Two of the rooms also include a large pain relief birthing bath that is used to support more natural methods of pain relief prior to birth.

An additional two assessment beds have also been added to the Birthing Unit, bringing the total number to four.

Assessment beds are used to monitor a baby’s heart rate before it is born, monitor a woman’s contractions or to determine whether a mother is in labour.

Birthing Suite Nursing Unit Manager Caroline Bester said the new rooms were designed to offer mothers a more relaxed alternative to routine birthing suites.

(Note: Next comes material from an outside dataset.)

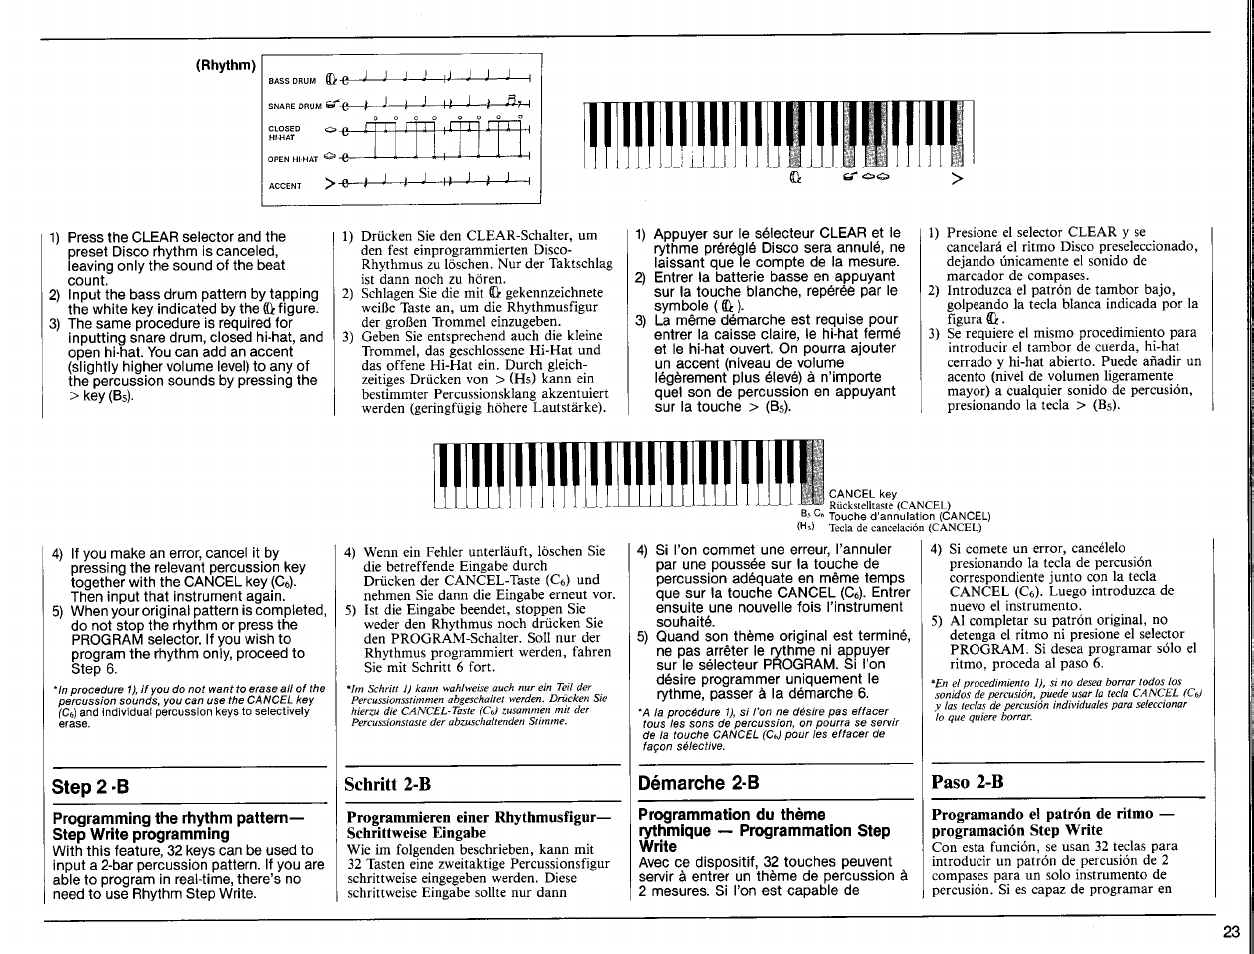 rhythm step 2 b d marche 2 b yamaha psr 6300 user manual rh manualsdir com Kindle Fire User Guide User Guide Template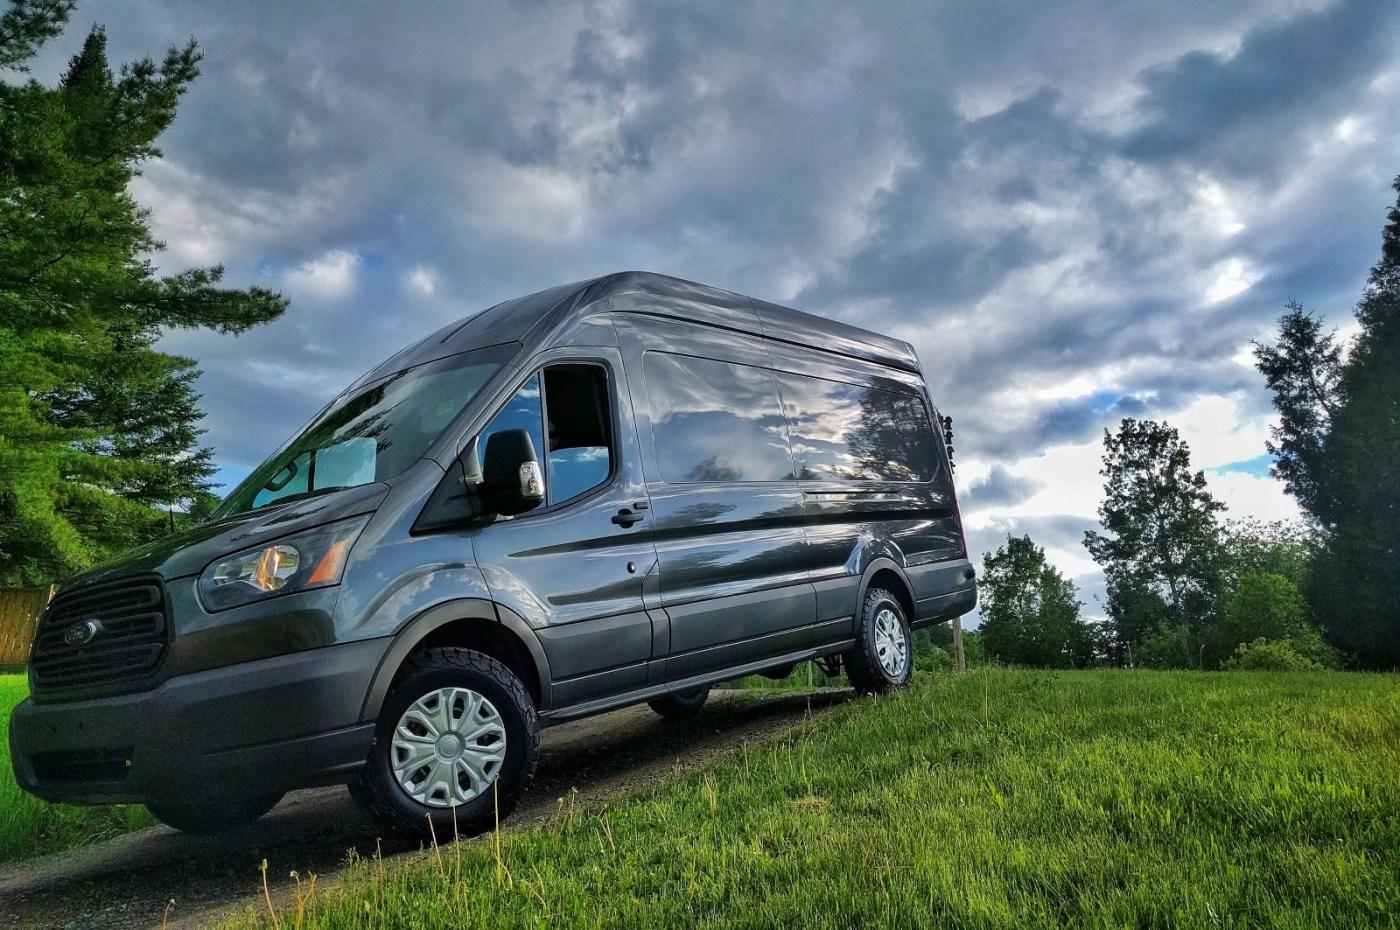 Ford Transit Larger Tires Upgrade

“The rooms are for women who have had uncomplicated pregnancies and want to have their baby in a more natural, home-like environment,” Ms Bester said.

“Women in the Birthing Centre are cared for by midwives from both the Midwifery Group Practice and the Hospital’s Maternity Unit,” she said.

In the 2013/14 financial year, Campbelltown Hospital delivered more than 2,930 babies.

The number of babies born at Campbelltown Hospital is increasing, with 3,576 women projected to give birth each year at Campbelltown Hospital by 2022.